(Exercise) With the pictures left out, set down the line containing "The Last Man - Cover" and each line after it to the end of the material, exactly as written.

Supplied material START

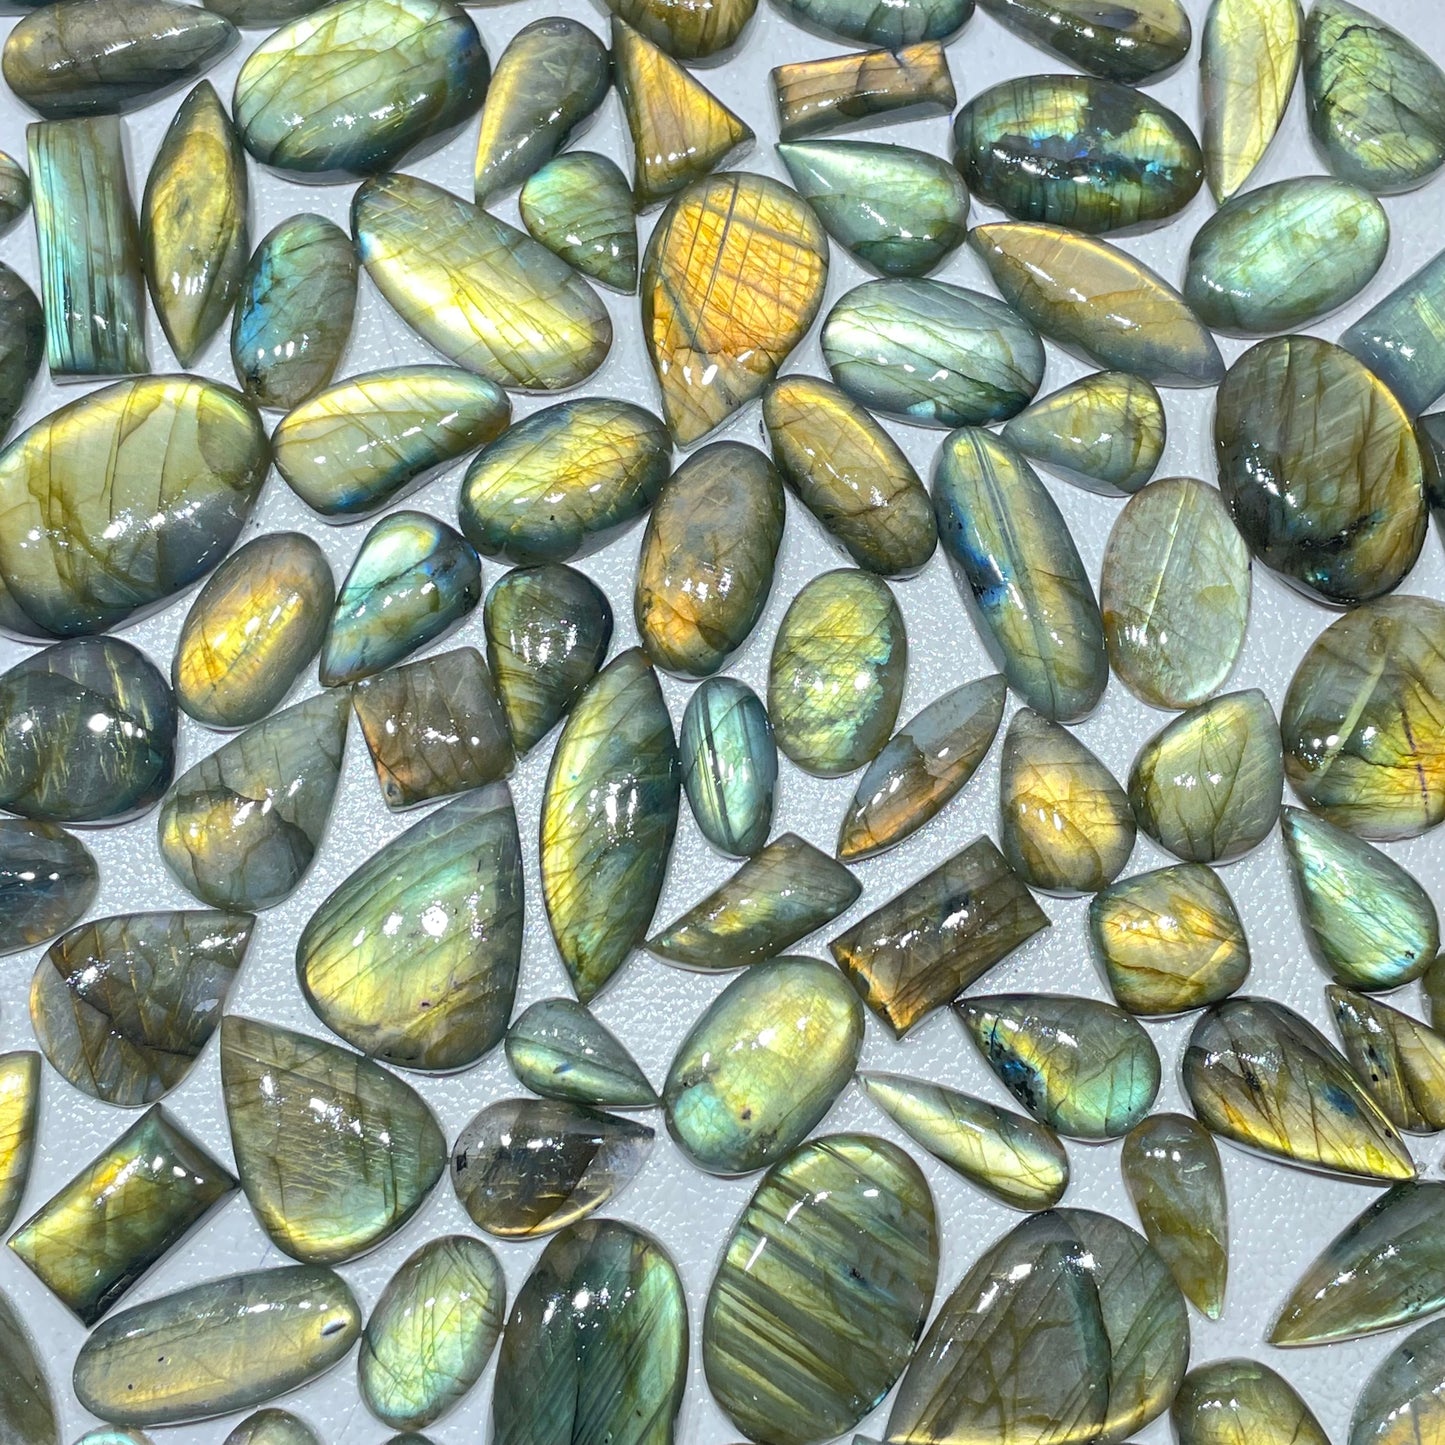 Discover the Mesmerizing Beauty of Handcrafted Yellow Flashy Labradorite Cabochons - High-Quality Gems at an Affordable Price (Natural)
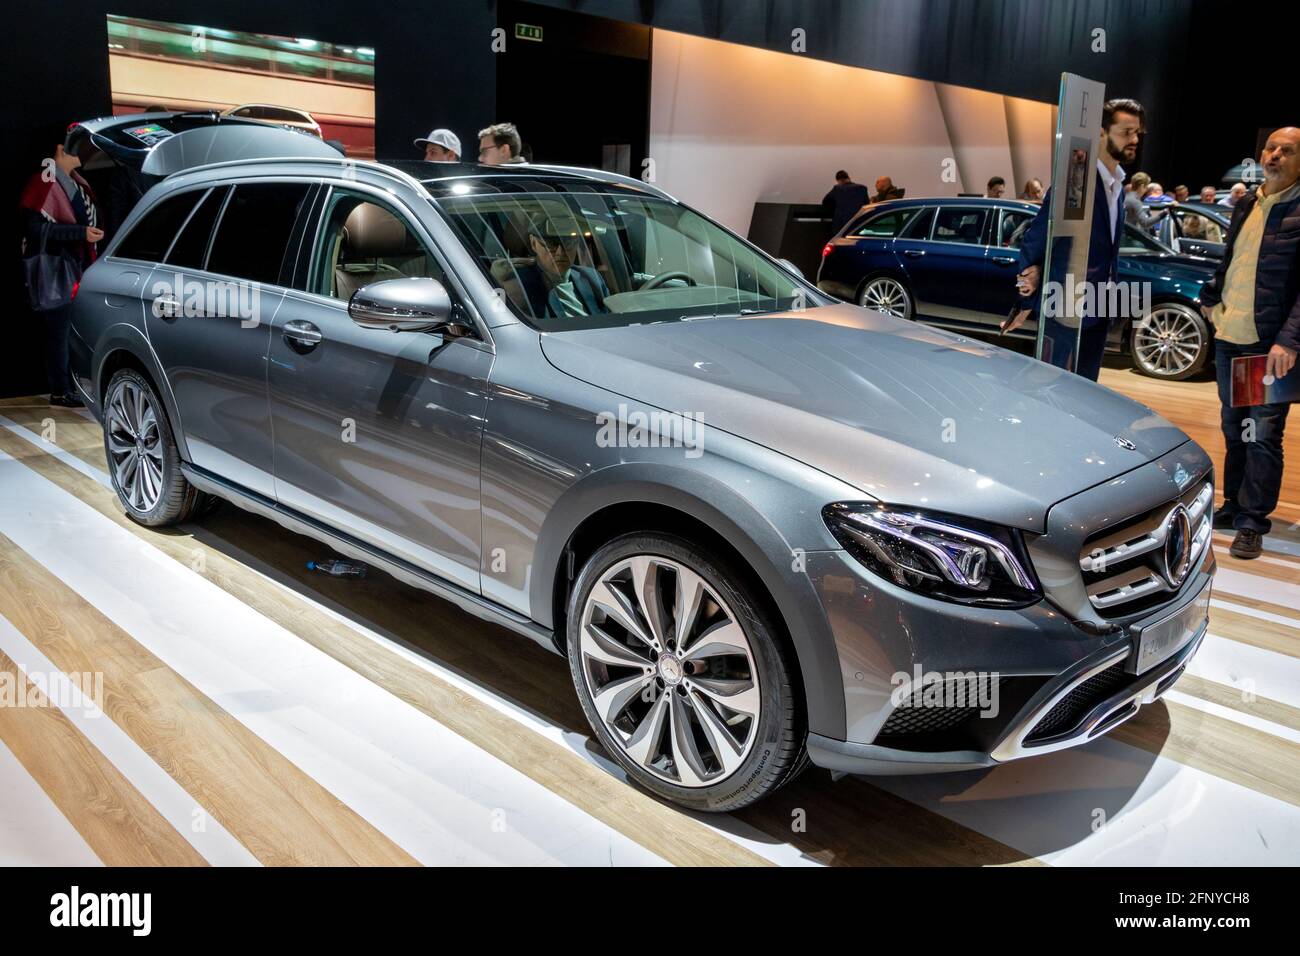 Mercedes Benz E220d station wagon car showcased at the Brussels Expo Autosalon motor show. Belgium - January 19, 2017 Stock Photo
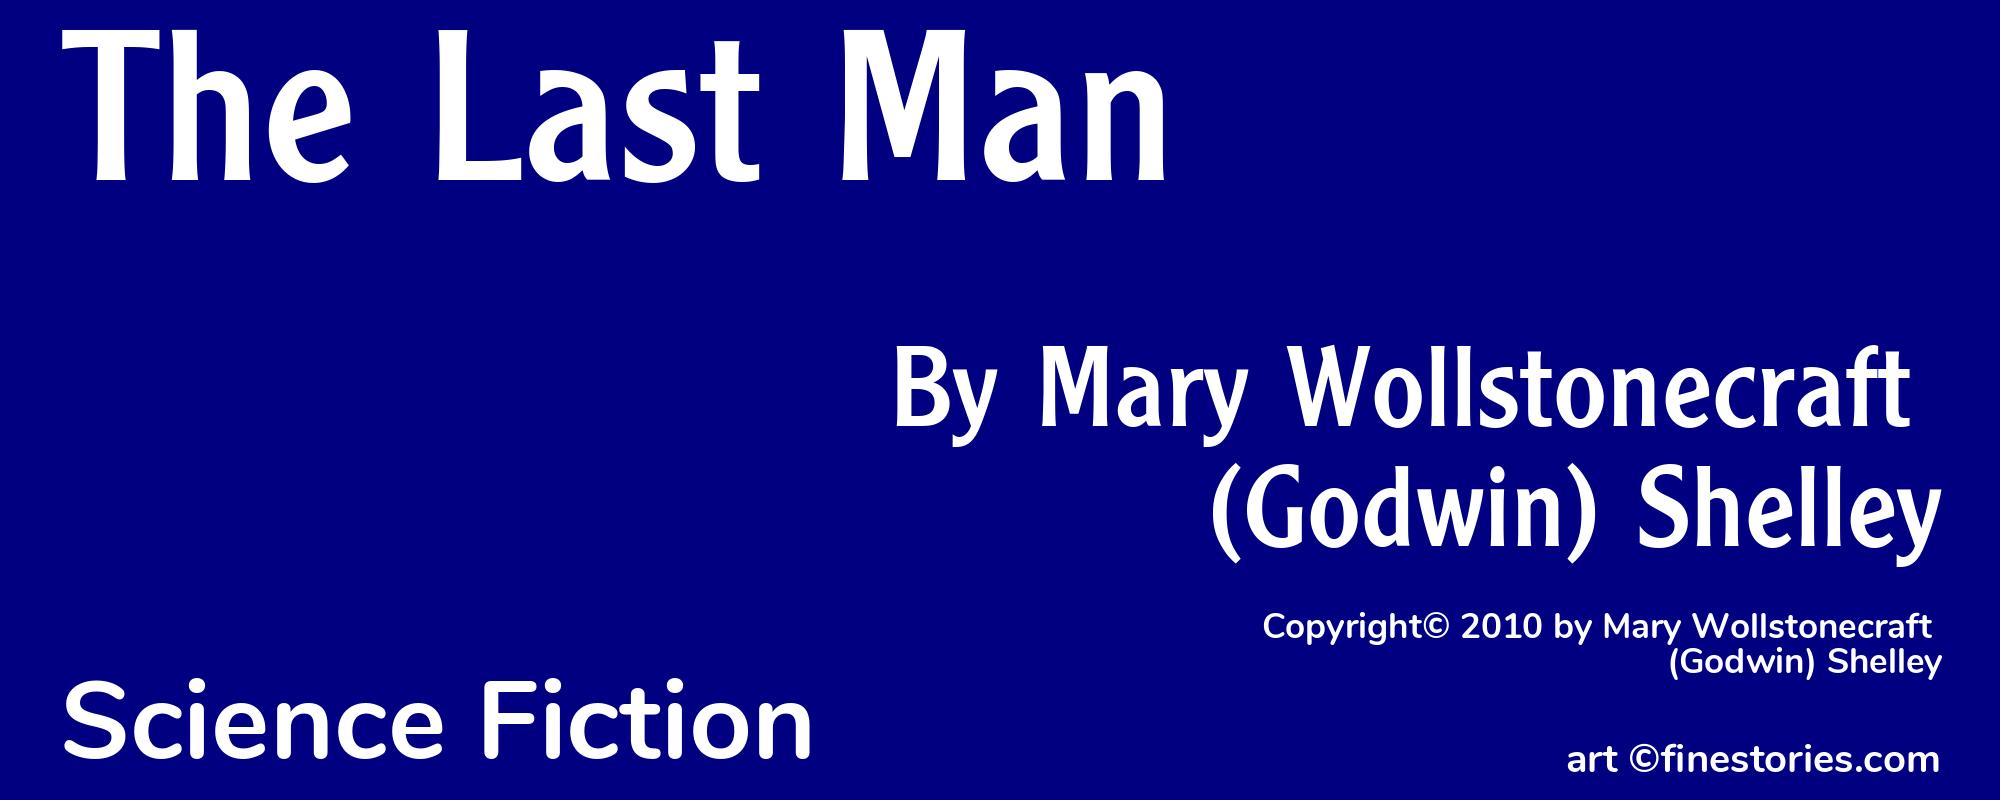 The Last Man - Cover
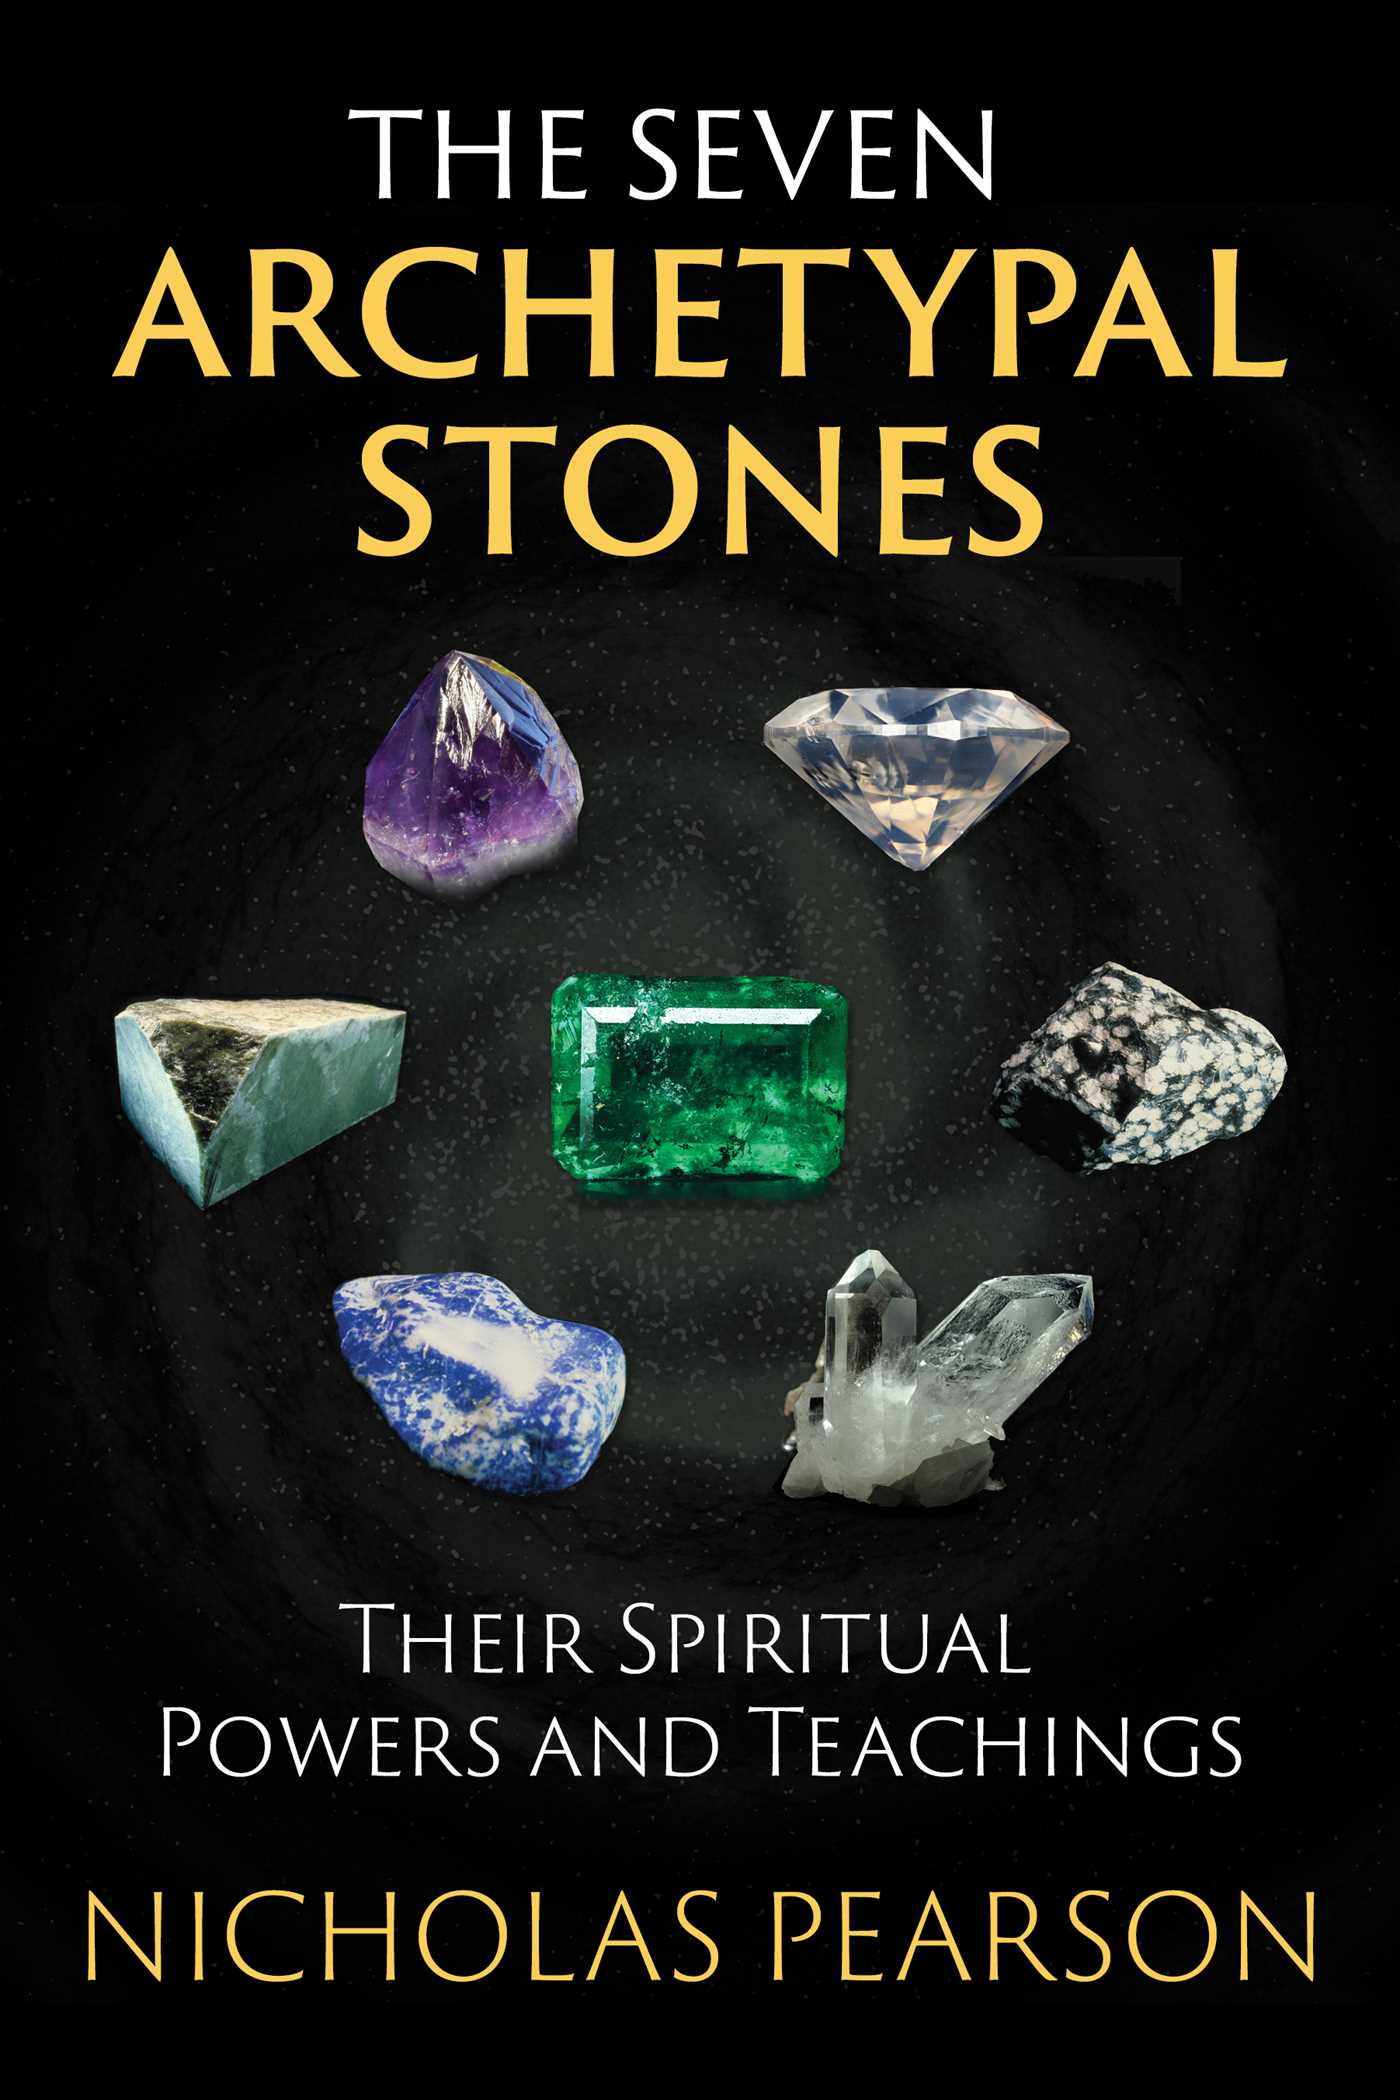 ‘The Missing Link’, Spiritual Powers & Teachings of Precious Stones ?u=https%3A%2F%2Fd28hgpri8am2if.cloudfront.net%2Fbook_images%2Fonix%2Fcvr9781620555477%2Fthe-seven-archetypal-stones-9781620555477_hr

Supplied material END

(Output for this exercise)
 The Last Man - Cover
 ‘The Missing Link’, Spiritual Powers & Teachings of Precious Stones ?u=https%3A%2F%2Fd28hgpri8am2if.cloudfront.net%2Fbook_images%2Fonix%2Fcvr9781620555477%2Fthe-seven-archetypal-stones-9781620555477_hr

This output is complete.